━━━━━ EXCERPTED RECORDS ━━━━━

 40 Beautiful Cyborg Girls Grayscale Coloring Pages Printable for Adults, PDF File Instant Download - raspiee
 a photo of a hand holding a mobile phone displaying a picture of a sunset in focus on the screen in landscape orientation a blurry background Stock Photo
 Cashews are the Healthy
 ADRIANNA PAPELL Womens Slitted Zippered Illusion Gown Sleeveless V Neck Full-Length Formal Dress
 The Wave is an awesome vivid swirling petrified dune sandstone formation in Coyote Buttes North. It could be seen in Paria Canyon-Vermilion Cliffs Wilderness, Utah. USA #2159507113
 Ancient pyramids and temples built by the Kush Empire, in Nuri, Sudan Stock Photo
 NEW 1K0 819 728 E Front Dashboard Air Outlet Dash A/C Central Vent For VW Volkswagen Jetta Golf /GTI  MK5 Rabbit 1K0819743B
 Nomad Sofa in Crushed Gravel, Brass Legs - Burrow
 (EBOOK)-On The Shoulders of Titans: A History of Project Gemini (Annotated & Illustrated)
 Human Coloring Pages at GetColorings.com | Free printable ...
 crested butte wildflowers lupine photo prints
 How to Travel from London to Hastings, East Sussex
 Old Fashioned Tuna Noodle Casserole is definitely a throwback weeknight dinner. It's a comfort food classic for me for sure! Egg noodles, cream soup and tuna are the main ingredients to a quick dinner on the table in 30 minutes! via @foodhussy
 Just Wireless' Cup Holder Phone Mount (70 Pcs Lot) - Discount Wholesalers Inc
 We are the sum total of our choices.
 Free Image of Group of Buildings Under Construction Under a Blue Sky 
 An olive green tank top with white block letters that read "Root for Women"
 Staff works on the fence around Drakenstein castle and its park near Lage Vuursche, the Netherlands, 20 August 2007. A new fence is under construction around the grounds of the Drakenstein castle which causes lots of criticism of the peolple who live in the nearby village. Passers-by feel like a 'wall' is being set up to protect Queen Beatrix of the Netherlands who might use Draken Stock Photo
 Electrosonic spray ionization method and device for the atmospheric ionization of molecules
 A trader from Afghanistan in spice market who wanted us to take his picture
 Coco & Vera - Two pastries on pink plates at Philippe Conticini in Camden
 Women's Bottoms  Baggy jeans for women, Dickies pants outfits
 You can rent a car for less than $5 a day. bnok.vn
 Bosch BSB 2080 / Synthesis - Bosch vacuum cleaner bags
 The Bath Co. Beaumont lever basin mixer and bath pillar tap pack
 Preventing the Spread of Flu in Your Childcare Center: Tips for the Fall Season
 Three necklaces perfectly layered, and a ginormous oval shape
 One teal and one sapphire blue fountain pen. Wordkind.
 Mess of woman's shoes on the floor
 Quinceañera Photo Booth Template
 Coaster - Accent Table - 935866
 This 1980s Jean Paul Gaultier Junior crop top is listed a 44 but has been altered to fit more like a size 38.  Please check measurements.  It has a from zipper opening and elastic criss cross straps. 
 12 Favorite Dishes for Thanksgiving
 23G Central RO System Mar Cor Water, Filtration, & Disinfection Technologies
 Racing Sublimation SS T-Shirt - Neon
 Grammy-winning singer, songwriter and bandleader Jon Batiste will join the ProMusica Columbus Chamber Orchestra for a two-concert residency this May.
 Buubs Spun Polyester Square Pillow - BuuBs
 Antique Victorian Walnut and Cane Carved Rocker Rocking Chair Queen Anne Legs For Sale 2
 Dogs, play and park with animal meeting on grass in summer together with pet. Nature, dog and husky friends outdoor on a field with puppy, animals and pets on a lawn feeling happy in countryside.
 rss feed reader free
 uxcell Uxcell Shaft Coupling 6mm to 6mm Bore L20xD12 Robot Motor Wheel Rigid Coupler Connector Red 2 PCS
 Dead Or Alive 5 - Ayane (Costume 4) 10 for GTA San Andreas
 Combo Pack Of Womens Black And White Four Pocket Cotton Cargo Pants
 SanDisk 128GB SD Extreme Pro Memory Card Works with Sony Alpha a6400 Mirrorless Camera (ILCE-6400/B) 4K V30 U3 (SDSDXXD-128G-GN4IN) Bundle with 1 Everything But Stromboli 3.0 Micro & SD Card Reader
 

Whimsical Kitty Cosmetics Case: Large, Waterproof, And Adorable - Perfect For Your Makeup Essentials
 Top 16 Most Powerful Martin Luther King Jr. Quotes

━━━━━

__EXERCISE PROMPT__
The answer is the full set of records above, repeated exactly.

__RESULT FOR THIS EXERCISE__
 40 Beautiful Cyborg Girls Grayscale Coloring Pages Printable for Adults, PDF File Instant Download - raspiee
 a photo of a hand holding a mobile phone displaying a picture of a sunset in focus on the screen in landscape orientation a blurry background Stock Photo
 Cashews are the Healthy
 ADRIANNA PAPELL Womens Slitted Zippered Illusion Gown Sleeveless V Neck Full-Length Formal Dress
 The Wave is an awesome vivid swirling petrified dune sandstone formation in Coyote Buttes North. It could be seen in Paria Canyon-Vermilion Cliffs Wilderness, Utah. USA #2159507113
 Ancient pyramids and temples built by the Kush Empire, in Nuri, Sudan Stock Photo
 NEW 1K0 819 728 E Front Dashboard Air Outlet Dash A/C Central Vent For VW Volkswagen Jetta Golf /GTI  MK5 Rabbit 1K0819743B
 Nomad Sofa in Crushed Gravel, Brass Legs - Burrow
 (EBOOK)-On The Shoulders of Titans: A History of Project Gemini (Annotated & Illustrated)
 Human Coloring Pages at GetColorings.com | Free printable ...
 crested butte wildflowers lupine photo prints
 How to Travel from London to Hastings, East Sussex
 Old Fashioned Tuna Noodle Casserole is definitely a throwback weeknight dinner. It's a comfort food classic for me for sure! Egg noodles, cream soup and tuna are the main ingredients to a quick dinner on the table in 30 minutes! via @foodhussy
 Just Wireless' Cup Holder Phone Mount (70 Pcs Lot) - Discount Wholesalers Inc
 We are the sum total of our choices.
 Free Image of Group of Buildings Under Construction Under a Blue Sky 
 An olive green tank top with white block letters that read "Root for Women"
 Staff works on the fence around Drakenstein castle and its park near Lage Vuursche, the Netherlands, 20 August 2007. A new fence is under construction around the grounds of the Drakenstein castle which causes lots of criticism of the peolple who live in the nearby village. Passers-by feel like a 'wall' is being set up to protect Queen Beatrix of the Netherlands who might use Draken Stock Photo
 Electrosonic spray ionization method and device for the atmospheric ionization of molecules
 A trader from Afghanistan in spice market who wanted us to take his picture
 Coco & Vera - Two pastries on pink plates at Philippe Conticini in Camden
 Women's Bottoms  Baggy jeans for women, Dickies pants outfits
 You can rent a car for less than $5 a day. bnok.vn
 Bosch BSB 2080 / Synthesis - Bosch vacuum cleaner bags
 The Bath Co. Beaumont lever basin mixer and bath pillar tap pack
 Preventing the Spread of Flu in Your Childcare Center: Tips for the Fall Season
 Three necklaces perfectly layered, and a ginormous oval shape
 One teal and one sapphire blue fountain pen. Wordkind.
 Mess of woman's shoes on the floor
 Quinceañera Photo Booth Template
 Coaster - Accent Table - 935866
 This 1980s Jean Paul Gaultier Junior crop top is listed a 44 but has been altered to fit more like a size 38.  Please check measurements.  It has a from zipper opening and elastic criss cross straps. 
 12 Favorite Dishes for Thanksgiving
 23G Central RO System Mar Cor Water, Filtration, & Disinfection Technologies
 Racing Sublimation SS T-Shirt - Neon
 Grammy-winning singer, songwriter and bandleader Jon Batiste will join the ProMusica Columbus Chamber Orchestra for a two-concert residency this May.
 Buubs Spun Polyester Square Pillow - BuuBs
 Antique Victorian Walnut and Cane Carved Rocker Rocking Chair Queen Anne Legs For Sale 2
 Dogs, play and park with animal meeting on grass in summer together with pet. Nature, dog and husky friends outdoor on a field with puppy, animals and pets on a lawn feeling happy in countryside.
 rss feed reader free
 uxcell Uxcell Shaft Coupling 6mm to 6mm Bore L20xD12 Robot Motor Wheel Rigid Coupler Connector Red 2 PCS
 Dead Or Alive 5 - Ayane (Costume 4) 10 for GTA San Andreas
 Combo Pack Of Womens Black And White Four Pocket Cotton Cargo Pants
 SanDisk 128GB SD Extreme Pro Memory Card Works with Sony Alpha a6400 Mirrorless Camera (ILCE-6400/B) 4K V30 U3 (SDSDXXD-128G-GN4IN) Bundle with 1 Everything But Stromboli 3.0 Micro & SD Card Reader
 

Whimsical Kitty Cosmetics Case: Large, Waterproof, And Adorable - Perfect For Your Makeup Essentials
 Top 16 Most Powerful Martin Luther King Jr. Quotes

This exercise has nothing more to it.